The top 30 positive signals with the highest chi-square values were considered the strongest. Adverse events were classified as “Potential ADRs” if they met all Evans’ criteria and were consistent with the known pharmacology of ibuprofen and clinical guidelines. Events not meeting all criteria were categorized as “No” for potential ADR, even if some are recognized ibuprofen-associated ADRs, to ensure transparency and reproducibility of the classification. The disproportionality analysis approach is consistent with recent FAERS-based studies.
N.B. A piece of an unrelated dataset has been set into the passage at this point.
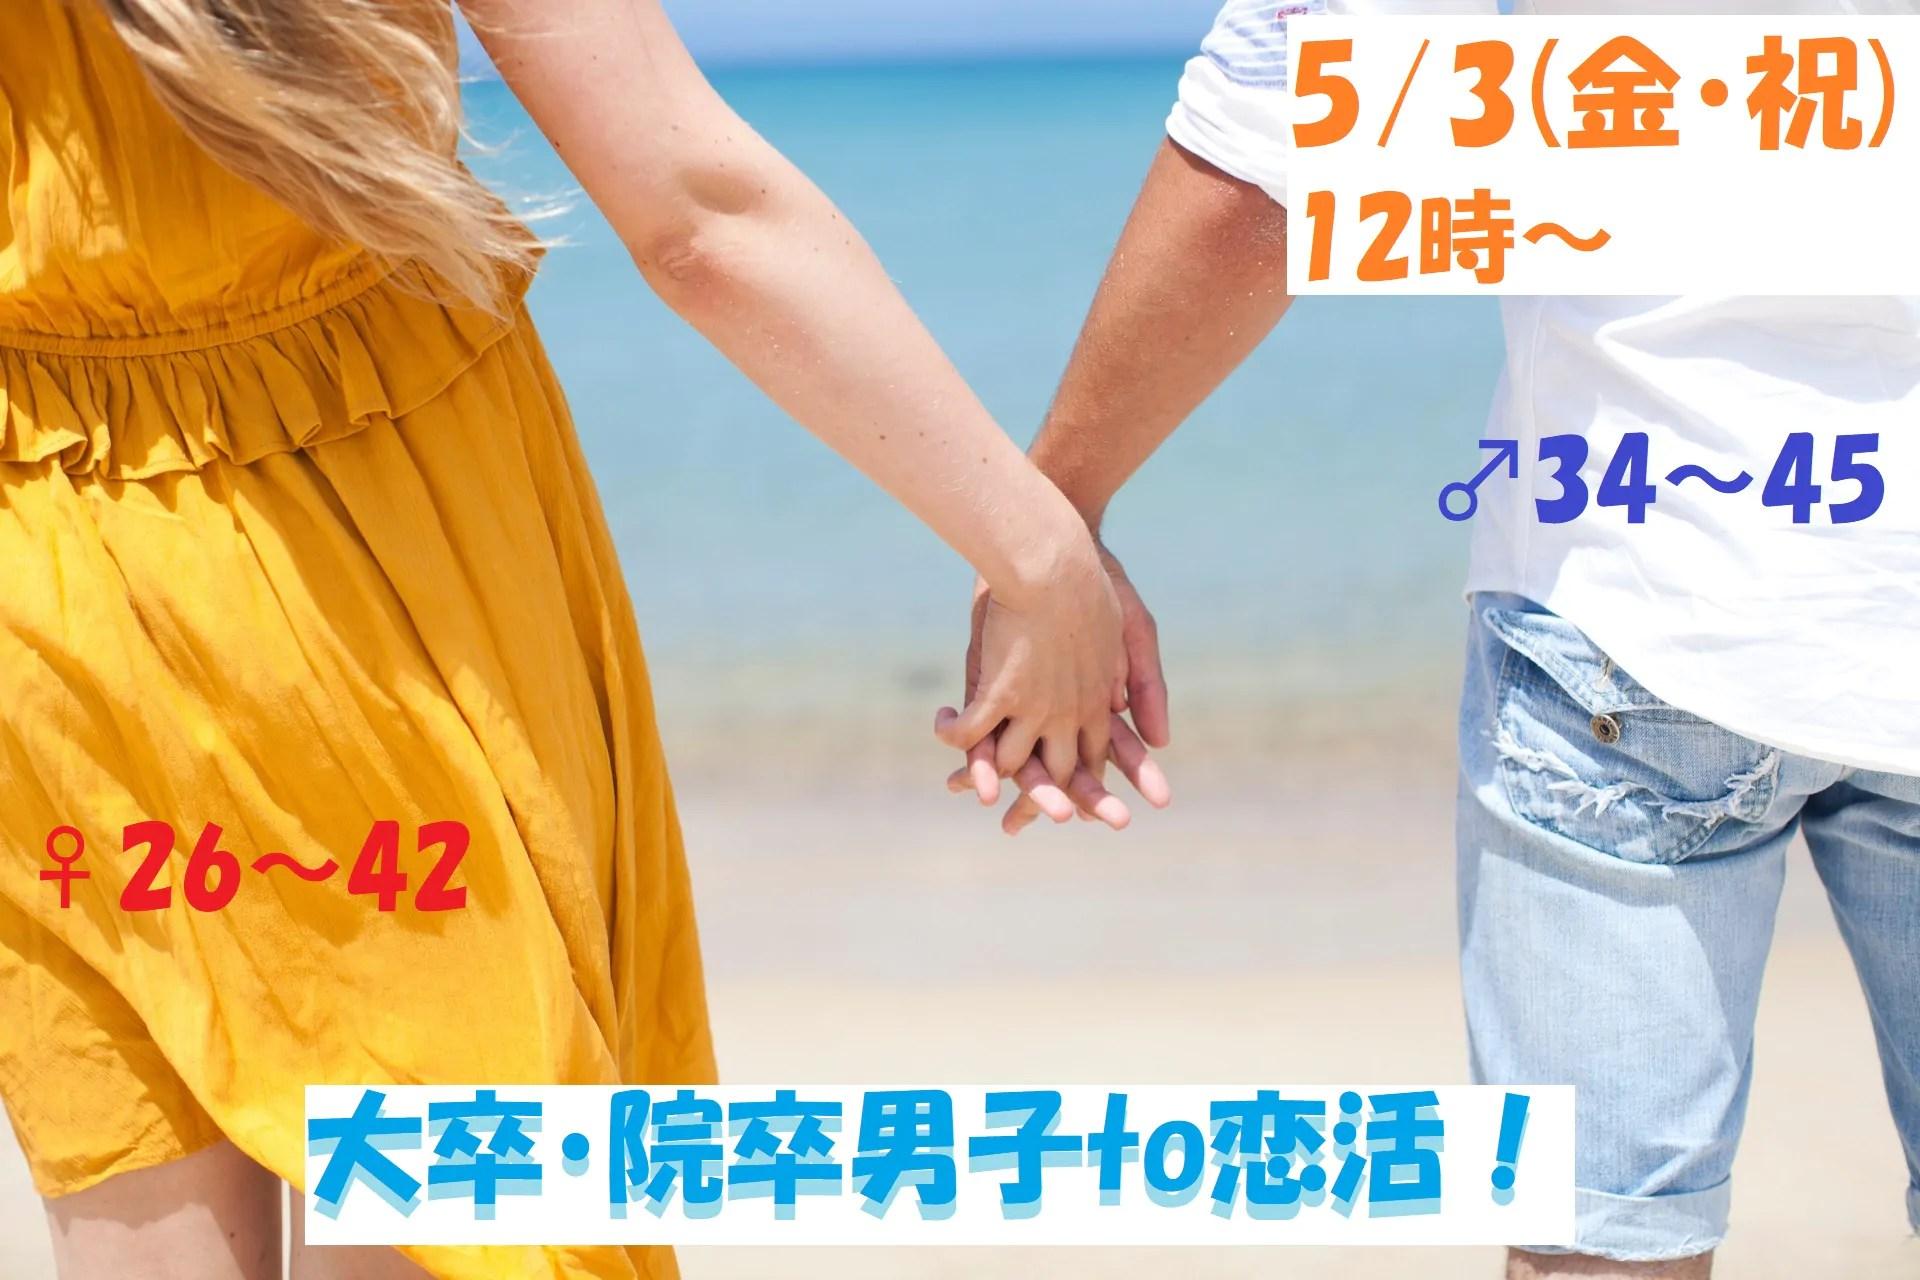 【終了】5月3日(金・祝)12時~【男性34~45歳,女性26~42歳】大卒・院卒男子to恋活!
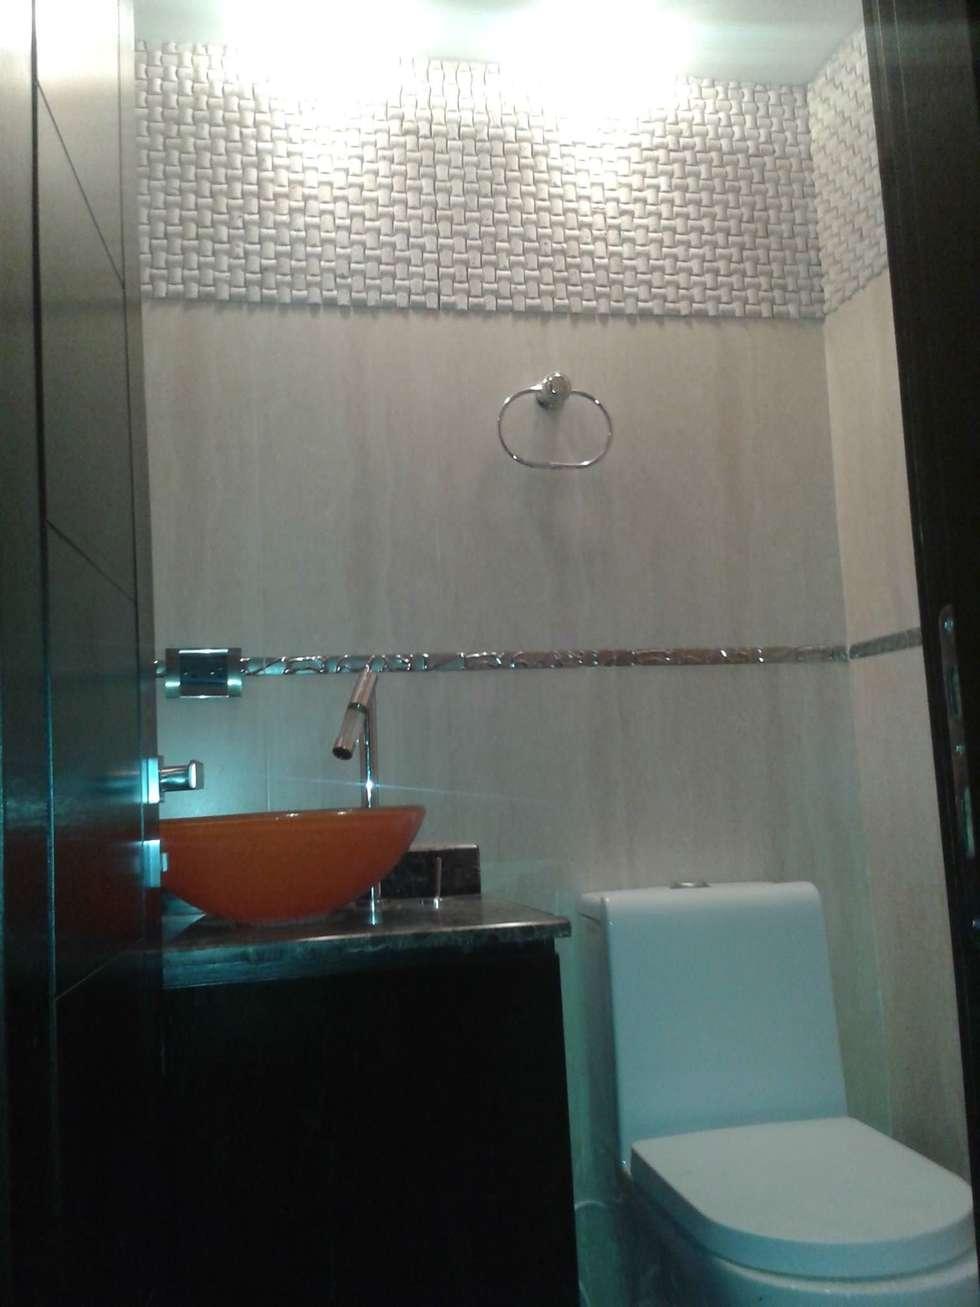 VISTA FRONTAL DE BAÑO DE VISITAS : Baños de estilo minimalista por CelyGarciArquitectos c.a.

Liu et al. (2025) demonstrated the applicability and robustness of disproportionality analysis for detecting safety signals from FAERS database associated with immunomodulatory therapies, supporting the methodological approach used in the present study [70].
Data uploaded until 31 December 2024 were extracted and processed using the Microsoft Excel for Microsoft 365 MSO (Version 2503). Ethical approval was not required for this study because all analyses were conducted using the publicly available FAERS database, which contains fully anonymized and de-identified adverse event reports. Similar other pharmacovigilance studies using FAERS or EudraVigilance data reports were performed [71,72].
5. Conclusions
Ibuprofen continues to be one of the popularly used NSAIDs, confirmed by the large number of reports recorded in FAERS, across all age groups. Reported adverse events fall into the characteristic classes for ibuprofen, positive signals having been highlighted for events pertaining to the gastrointestinal sphere, allergic reactions, procedural complications, and renal disorders. The disproportionality analysis led to the identification of possible ADRs, such as drug hypersensitivity, acute kidney injury, urticaria, upper abdominal pain, and angioedema. The results of the study should be interpreted while accommodating the inherent limitations of the collected data as a consequence of spontaneous reporting. The results of the present study underline the possible risks related to ibuprofen use and underscore the importance of a responsible and clinically well-founded administration.